I. Overview: Field of Blood
When news of what happens to Quilla reaches Huaracha,
king of the Chancas, “…a kind of madness took hold of him. ‘Now let
war come; I will not rest or stay,’ he cried” (211). It is as though
this news pushes him over the edge and he is ready to go to war that very
instant. He also learns of Kari’s true identity as the rightful heir
to the Incan throne, and that there are a number of loyal soldiers who
are willing to help on the side of the Chancas in the war to come.
Huaracha and Kari make a deal of sorts, where in turn for helping Kari
to overthrow Urco, Kari promises that when he is Inca, The Chanca people
will have their independence. Though he makes no promises in regards
to returning Quilla, because it would bring curses on his nation to remove
a virgin of the Sun, Huaracha agrees to this deal and they proceed to battle.
Word has spread in the city of Cuzco that Kari lives and would seek revenge
on Urco his brother, and the Incan armies are prepared waiting in camps
in the valley where lies the city of Cuzco. The battle begins.
The Chancas are less in number; however, because of Hubert’s superb training
they “…stood like rocks and slew and slew and slew till the dead could
be counted by the thousand” (218). Then at a point when fate seems
as though I may change, Kari hold up a banner with the symbol of a great
sun on it. At the sight of this, thousands of Incan soldiers stop
fighting for Urco and begin fighting on the side of the Chancas.
This bloody battle continues leaving thousands dead and generals of either
side seriously wounded. Hubert is carried away into the city of Cuzco
as a “prisoner”, yet the Incan people treat him as a god. After he
rests, he meets with the Inca Upanqui. The Inca requests that he
bring his servant, thought to be Kari, to him so that he may know if his
firstborn son truly lives or not. Hubert asks for Quilla’s release
in return, something that even the Inca says he cannot offer.
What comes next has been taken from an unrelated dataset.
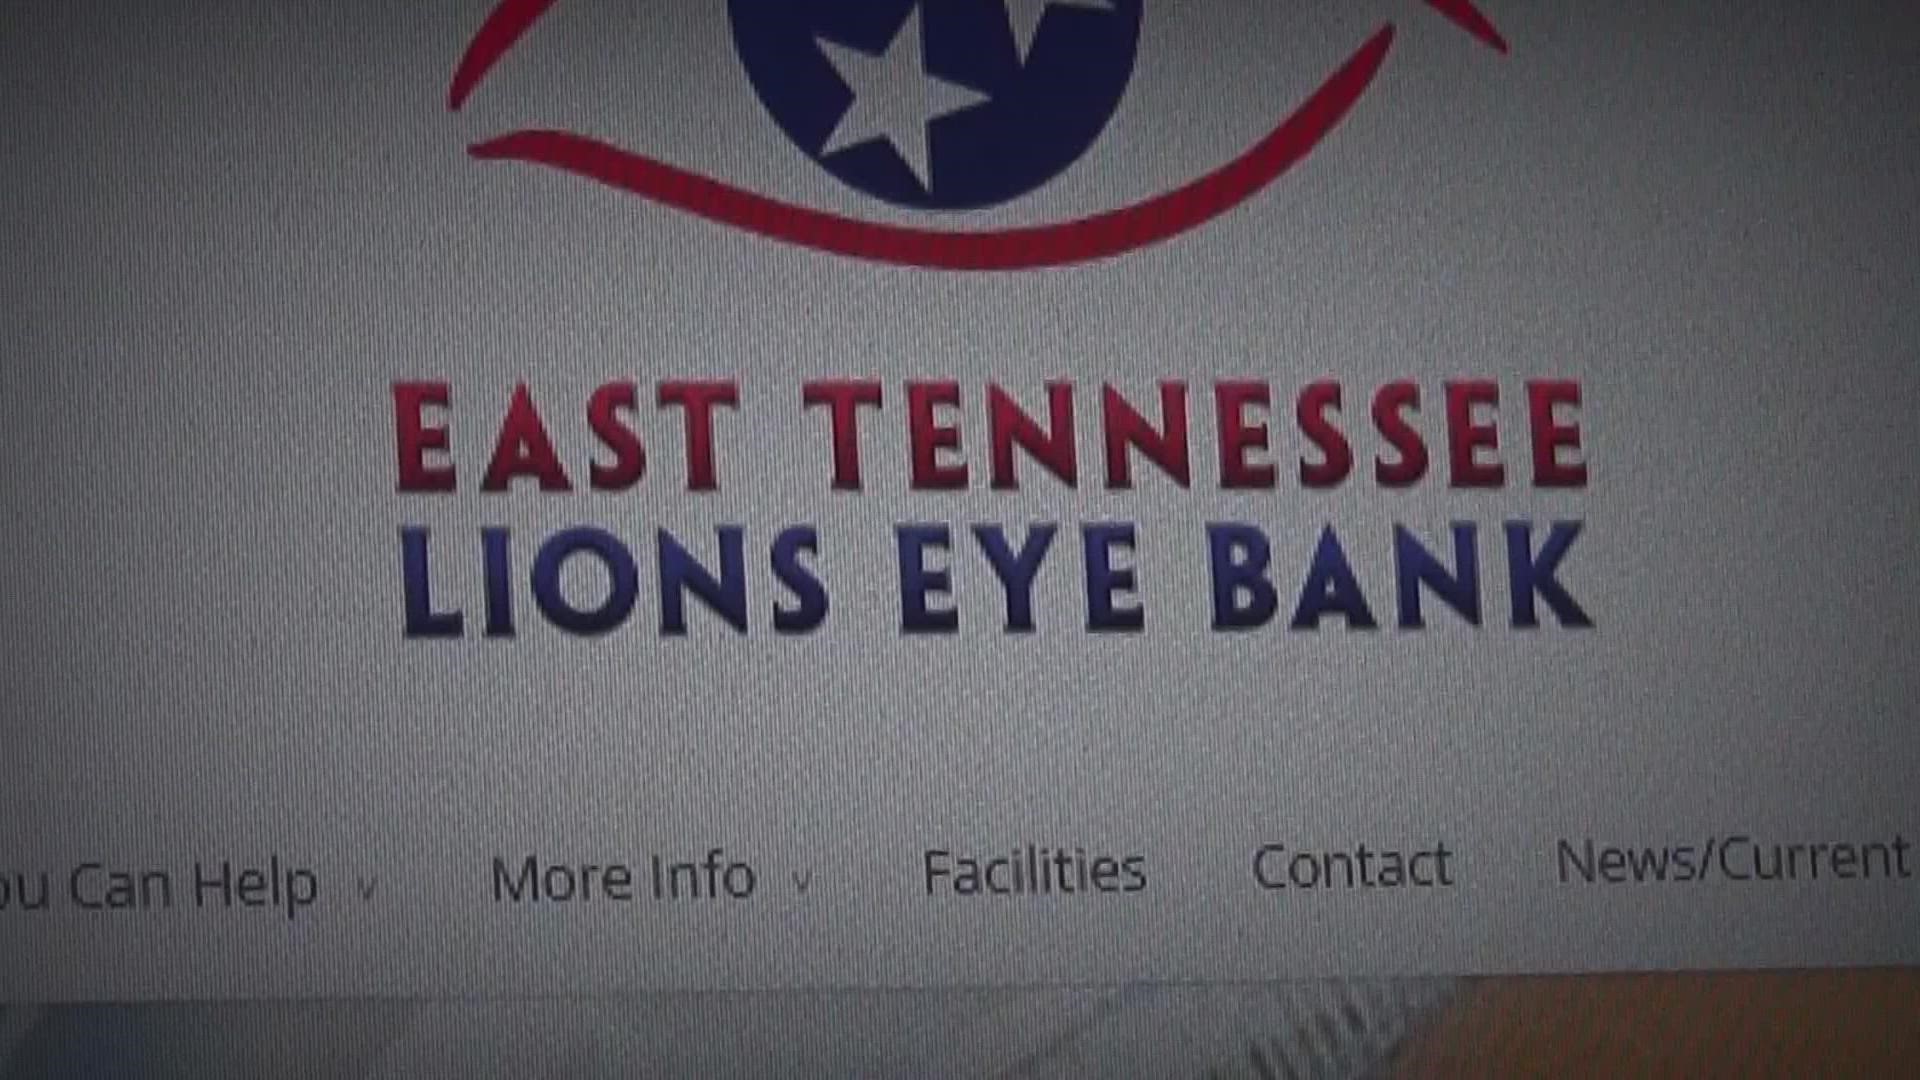 The East Tennessee Lions Eye Bank now says it mistakenly reported an office manager as a part-time employee to the IRS.

They
agree to finish this conversation later.
Analysis: The Comic Vision
In The Virgin of the Sun, Haggard
follows Frye’s general plan of Twenty Questions or the Great Chain of Being.
According to this plan, chapter 14, The Field of Blood, has the central
pattern of comic vision. In the human world Hubert, as Frye says
the hero should, “…represents the wish-fulfillment of the reader” (650).
Through him the reader is able to have a noble character (represented by
the way he helps Kari in London), fall in love and have love returned to
him (through Blanche and Quilla), and even embark on a great adventurous
journey across the world. According to Frye, the comic vision is
also represented in the unformed world. “In the comic vision the
unformed world is a river” (651). Haggard sets the city of Cuzco,
“…standing in a valley through which a river ran” (213). The last
representation of the comic vision in this chapter is found in the mineral
world. Frye states that this can be though, “a glowing precious stone”
such as gold or silver (651). In Haggard’s The Virgin of the Sun,
Hubert describes such “precious materials”. “I noted a marvelous
thing, namely: that all the plants therein were fashioned of solid
gold with silver flowers, or sometimes of silver with golden flowers.
Also there were trees on which were perched birds of gold and silver” (222).
Question 1: Is Hubert’s sword, Wave-Flame a symbol of comic or tragic vision? Explain.
Question 2: Do the images used in a drama
determine what type of genre it is? Explain.